The current syariah punishment cap is three years’ imprisonment, RM5,000 fine and six strokes of the cane.
Khoo, who interjected during Takiyuddin's speech, said the non-Muslim community viewed Hadi's motion as a violation of the Federal Constitution, while Koh (photo) asked whether it went against Article 8 of the constitution on the issue of equality before law.
MCA youth chief Chong Sin Woon also claimed that none of the DAP lawmakers spoke up in the Dewan Rakyat during the proceeding.
"Both Lim Kit Siang and Lim Guan Eng were not even in the House," said Chong in his Facebook account.
Netizens, however rebutted MCA, claiming that Kit Siang and his colleague Gobind Singh Deo, had tried to block Hadi from tabling the motion even before the Marang MP read it out.
'Subramaniam was more honest'
Meanwhile, DAP's Kulai MP Teo Nie Ching has accused the MCA deputy president of lying for stating that MCA was in the dark on whether Hadi's motion would be debated, as reported by Chinese daily Kwong Wah Yit Poh.
"Wee Ka Siong, (you) need to think of how to cover your lies when you have lied. Incompetency is more despicable," she said in the social media.
"There was still 12 government bills listed (in the parliamentary's order paper) as of April 4, the second last day of current Parliament session. Hadi's motion was listed item 13 on the order paper. Logically thinking, it was not possible to be brought up for debate," she elaborated.
But the House sat from 10am on April 6 to 5am on April 7, and had passed six bills and the government deferred another six bills, Teo added.
"On April 7, Hadi's motion became the first item listed on the order paper."
"Not conspiracy? Why retract the six bills? [...] Could it be the Parliament planned to adjourn the sitting by 12pm after the question-and-answer session between 10am and 12pm (on April 7)?" she asked.

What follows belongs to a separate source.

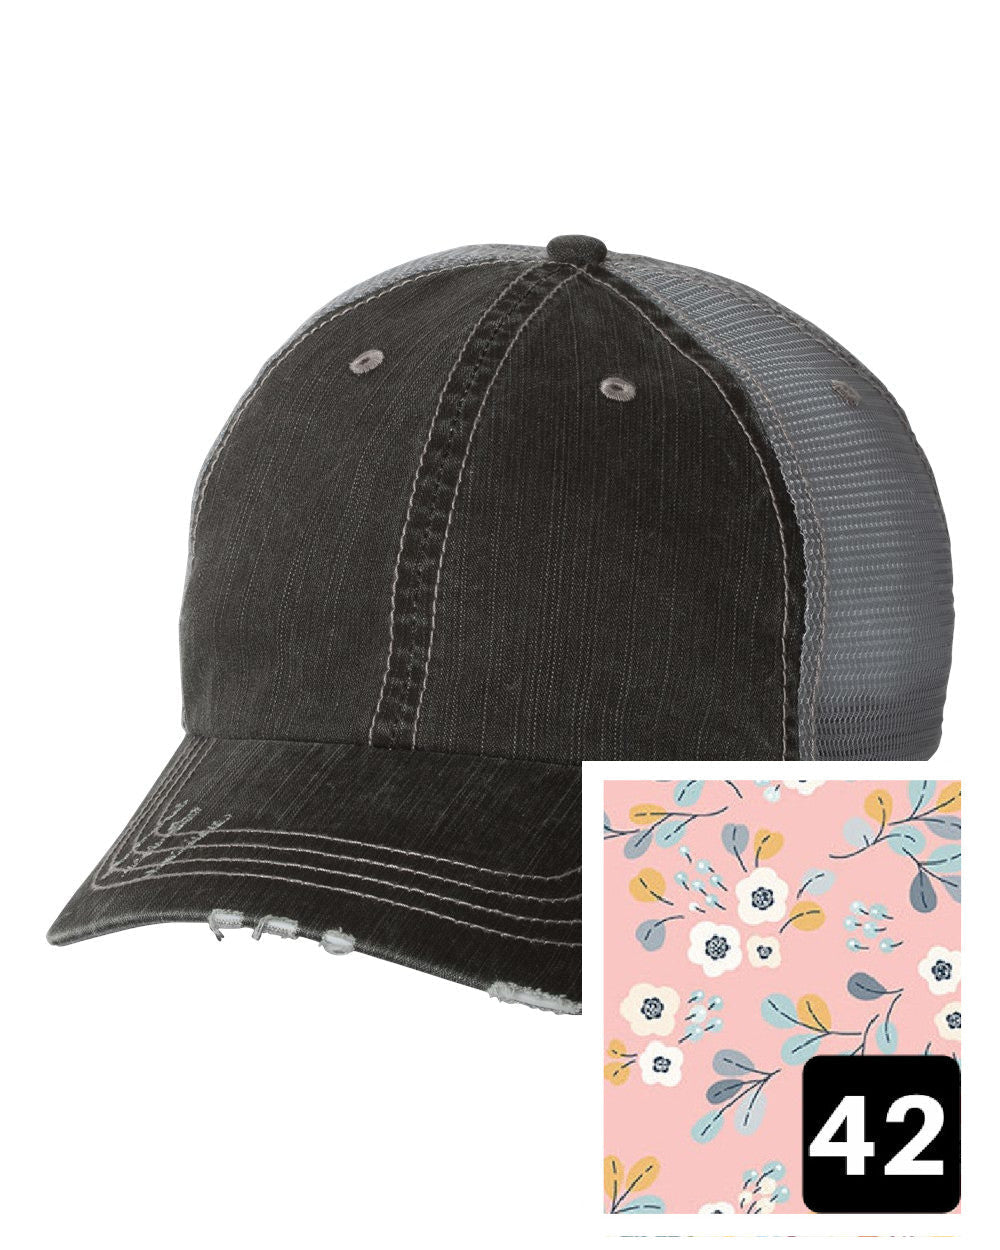 gray distressed trucker hat with light blue and pink mosaic fabric state of Delaware

Teo said MIC president Dr S Subramaniam, who admitted the bill would be tabled but not debated, was more "honest" by admitting that BN parties knew that Hadi's motion would be tabled in Dewan Rakyat, but the House would not debate it.
"He said it was a decision made during the BN supreme council meeting recently," she added.
Parti Bersatu Rakyat Sabah president Joseph Kurup also admitted that BN arrived at a consensus that Hadi's proposal to amend Act 355 would not be debated, she said.
"Is Wee trying to tell us that both Subramaniam and Joseph were lying, while he was the only honest government officer?" she asked.